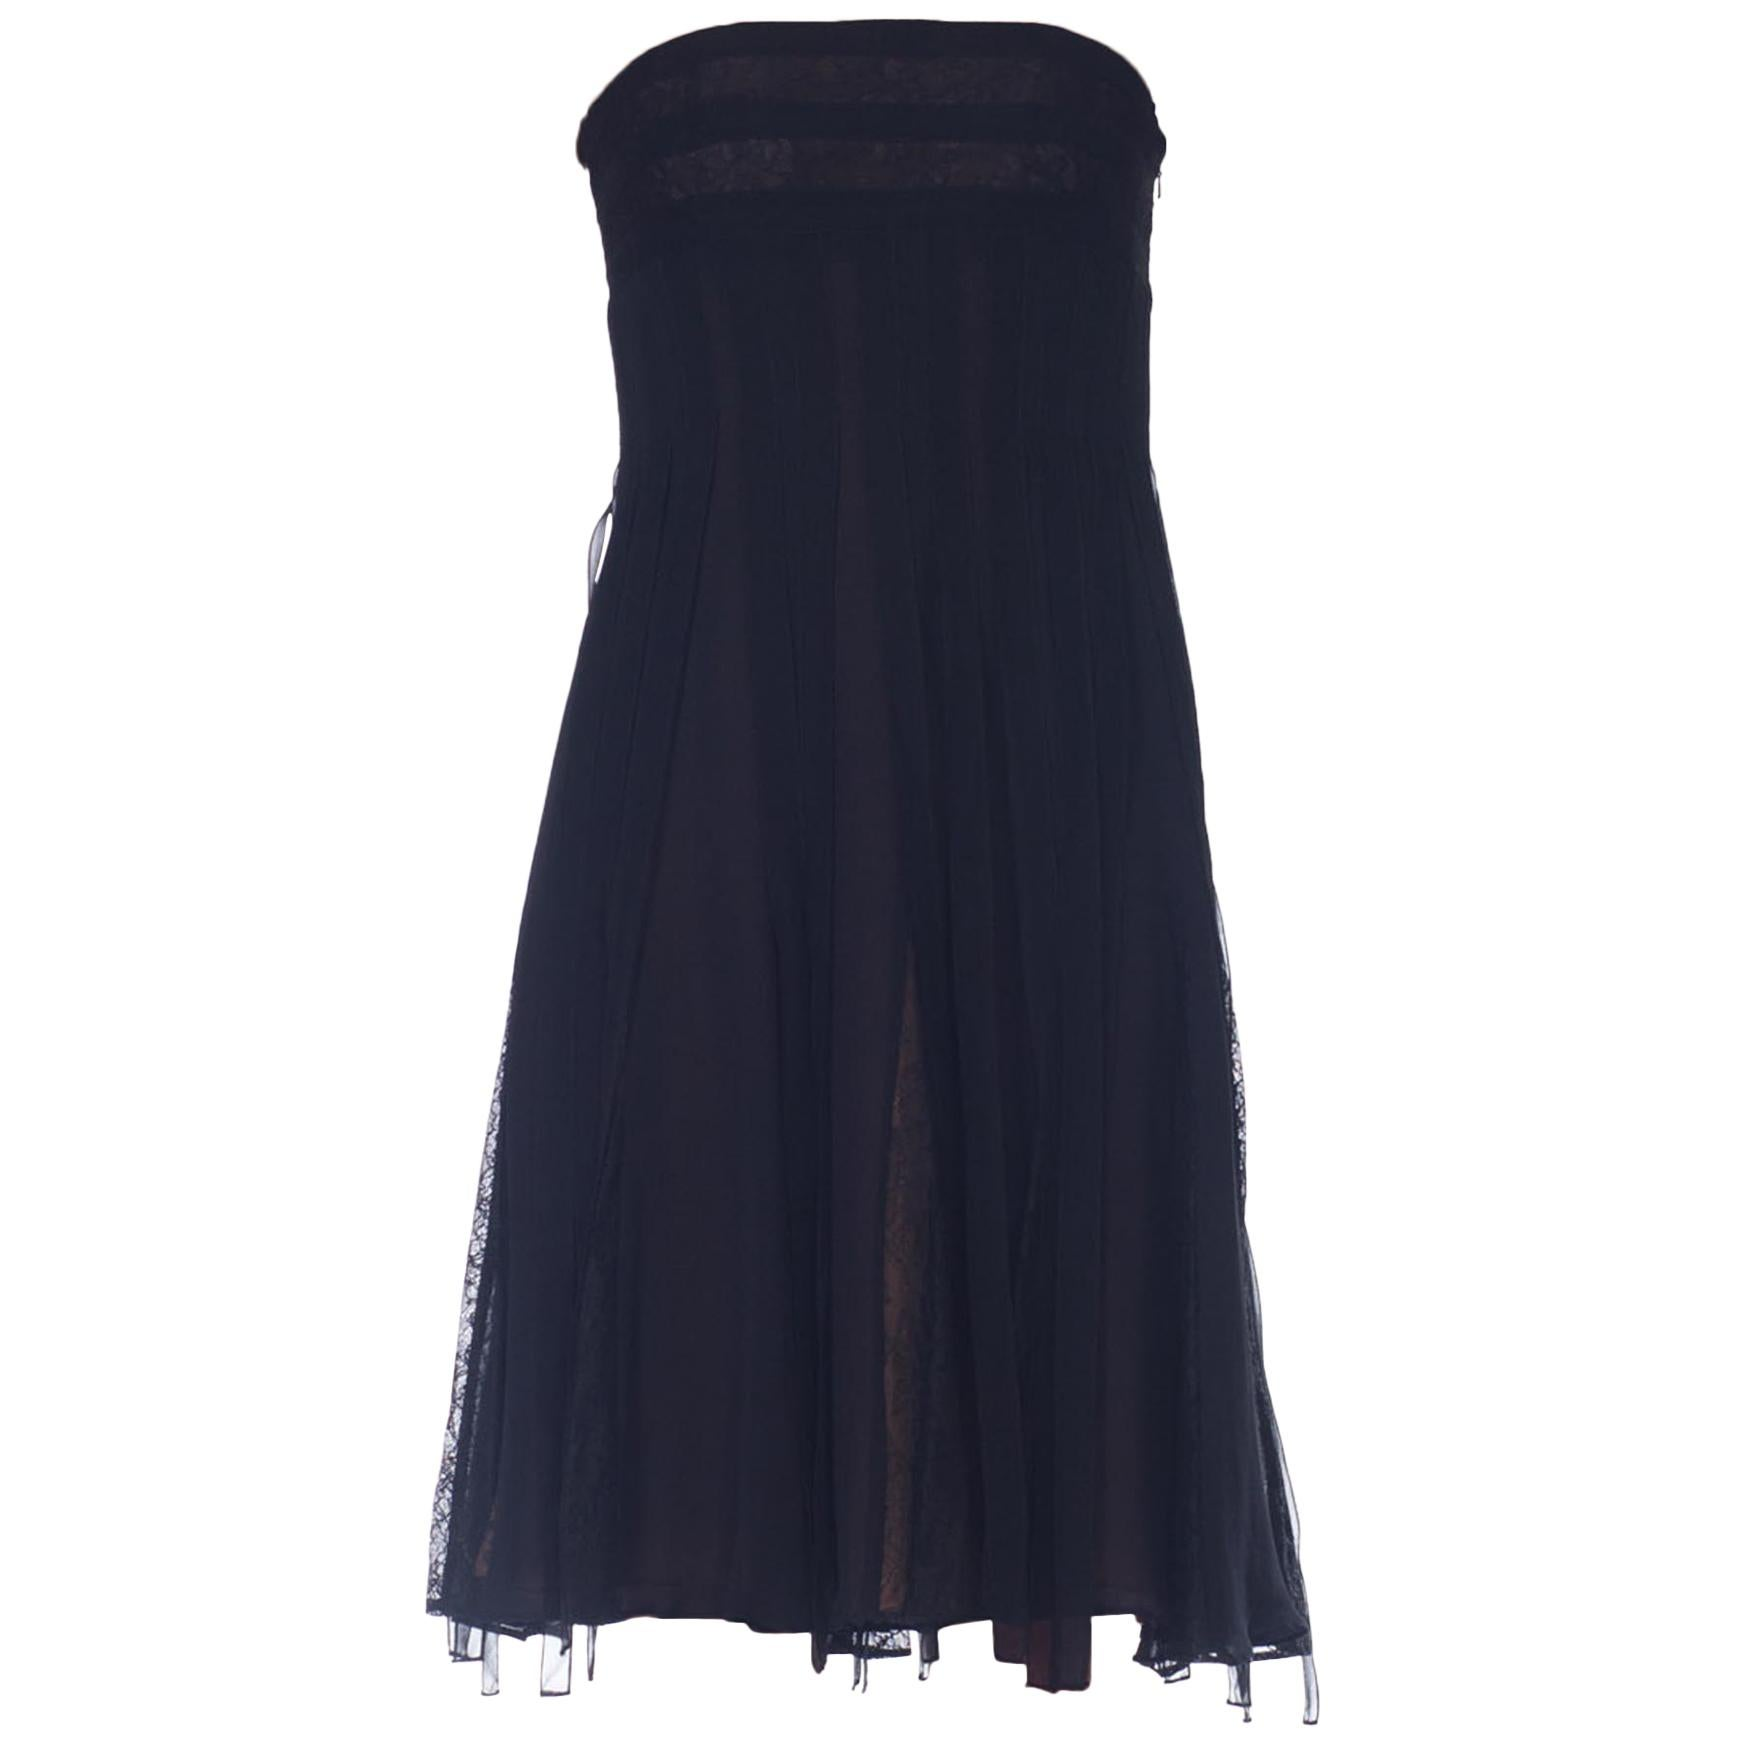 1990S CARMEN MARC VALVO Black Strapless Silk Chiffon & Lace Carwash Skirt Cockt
++++++
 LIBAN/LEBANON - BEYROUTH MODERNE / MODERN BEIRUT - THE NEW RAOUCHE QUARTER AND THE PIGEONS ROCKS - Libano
++++++
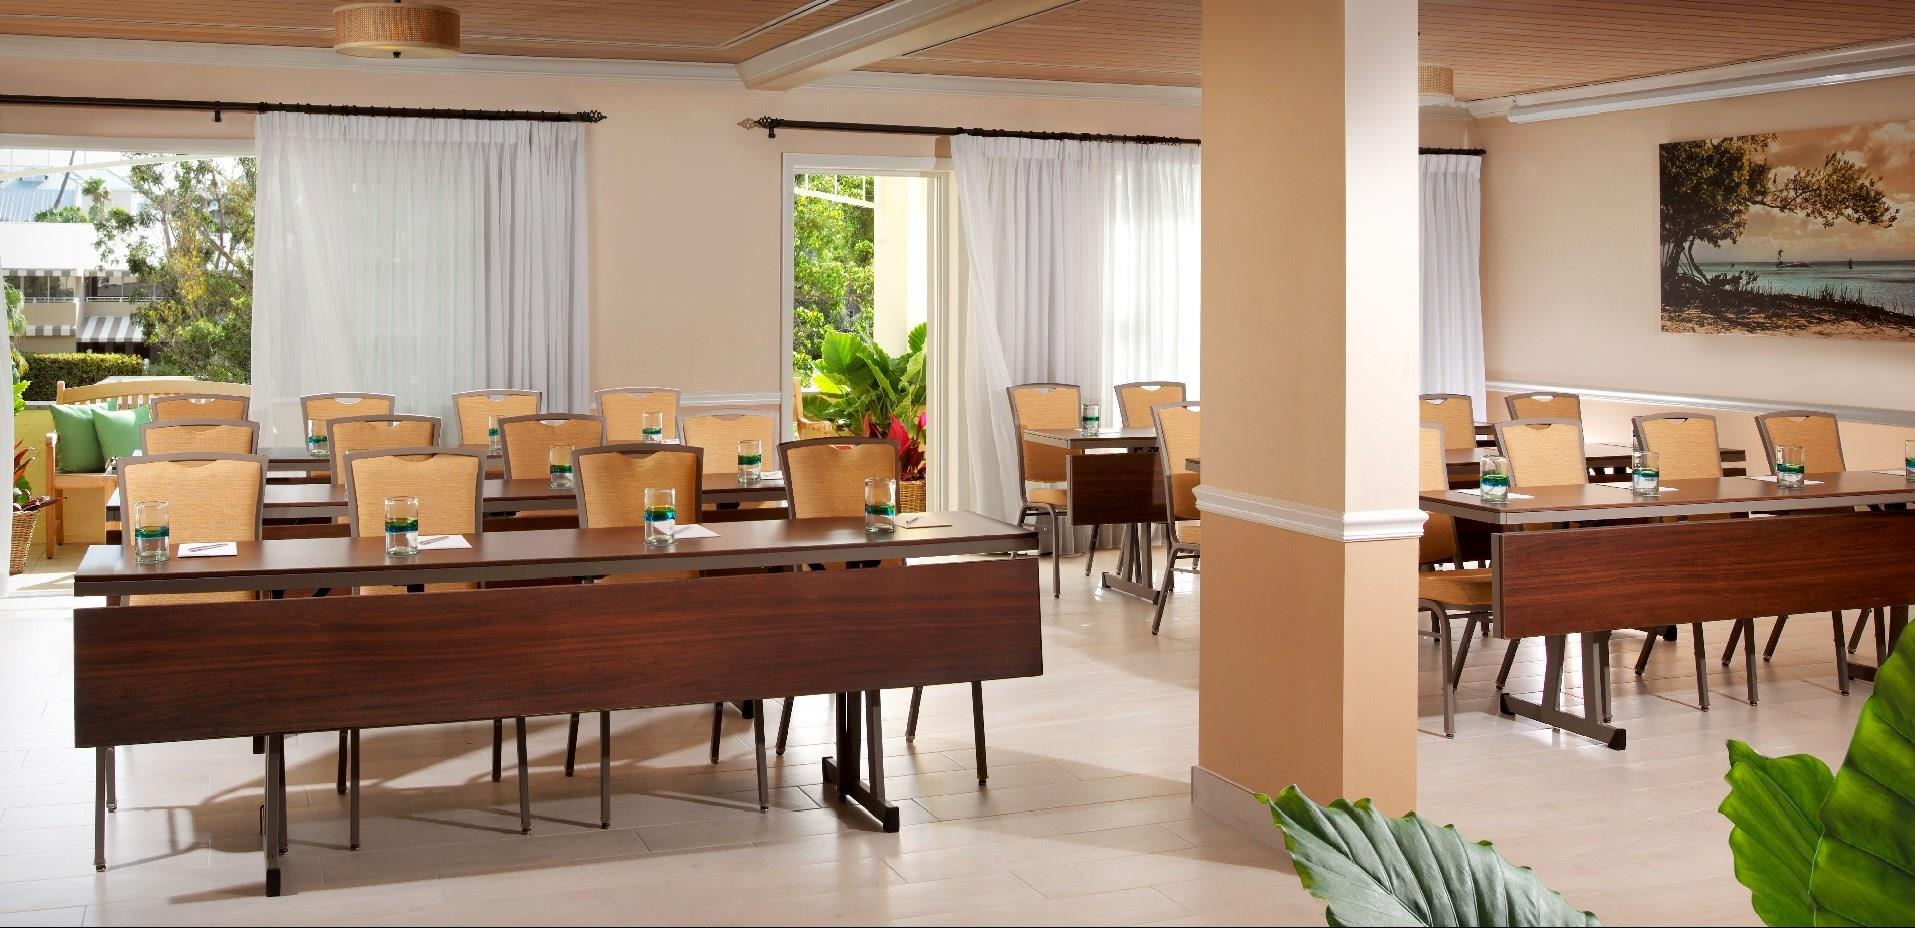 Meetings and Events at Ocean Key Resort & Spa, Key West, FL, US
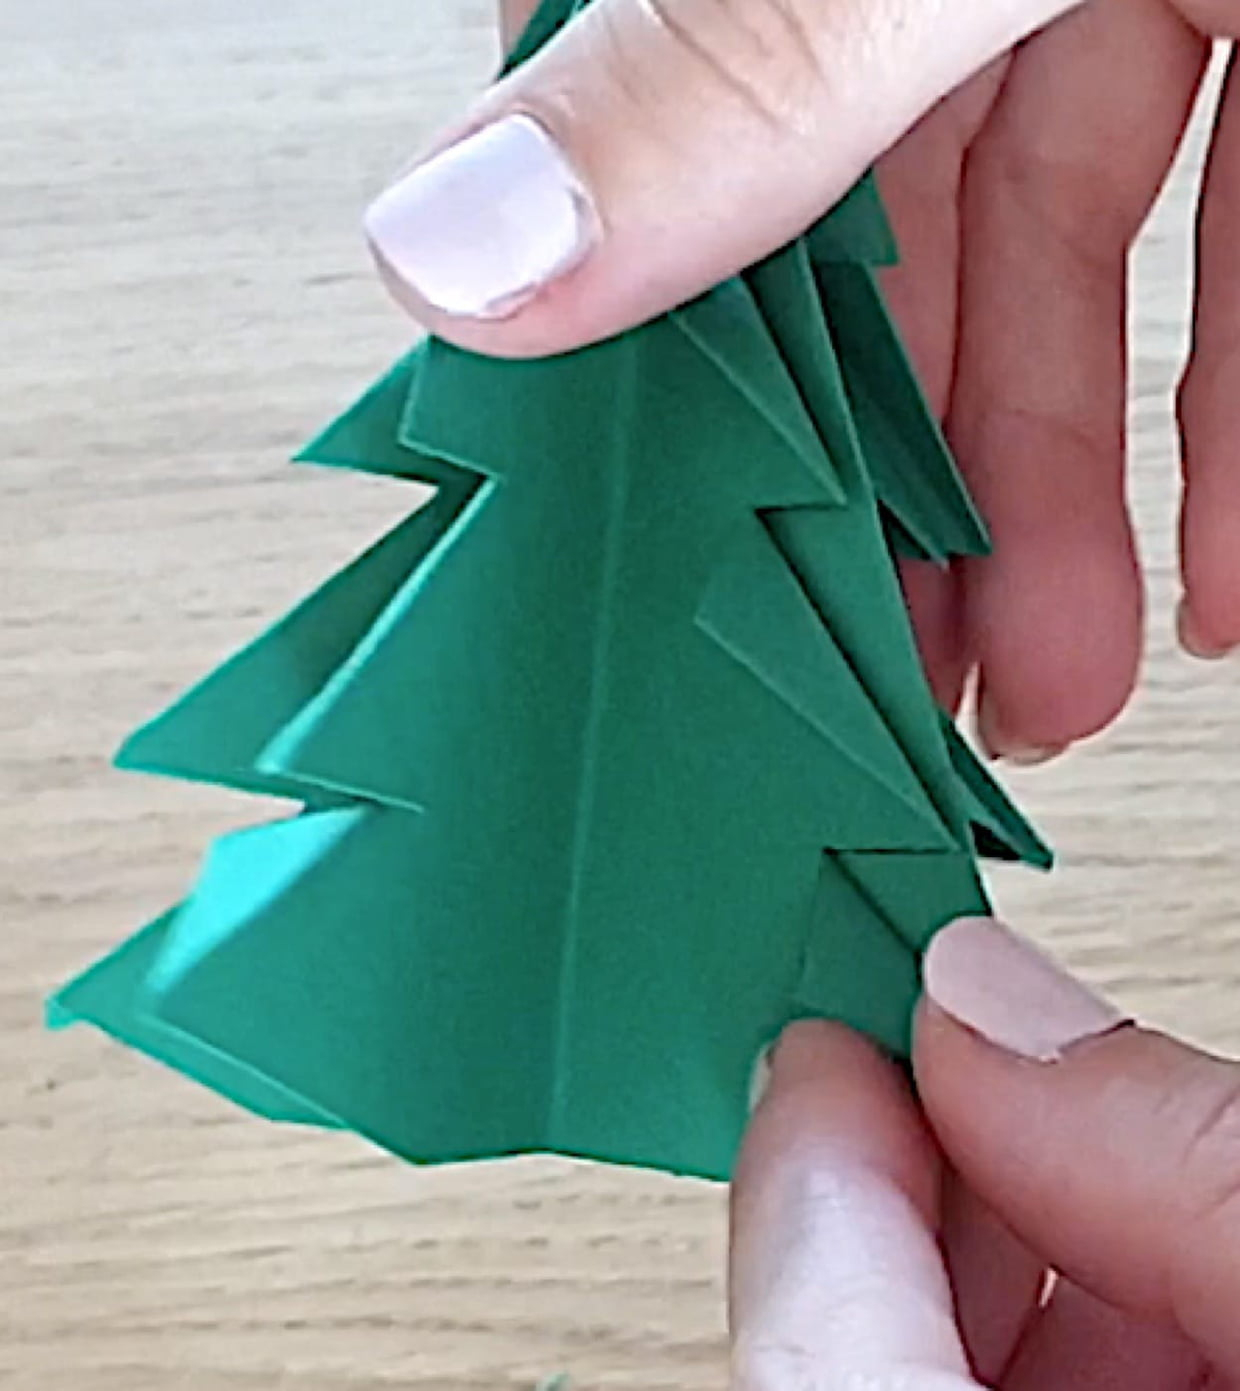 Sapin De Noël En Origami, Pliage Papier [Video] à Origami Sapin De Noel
++++++
• **Work task**
Copy exactly the lines of the listing above between the one holding "Meetings and Events" and the one holding "Sapin De Noël", inclusive; omit all pictures.

• **Expected output**
 Meetings and Events at Ocean Key Resort & Spa, Key West, FL, US
 Sapin De Noël En Origami, Pliage Papier [Video] à Origami Sapin De Noel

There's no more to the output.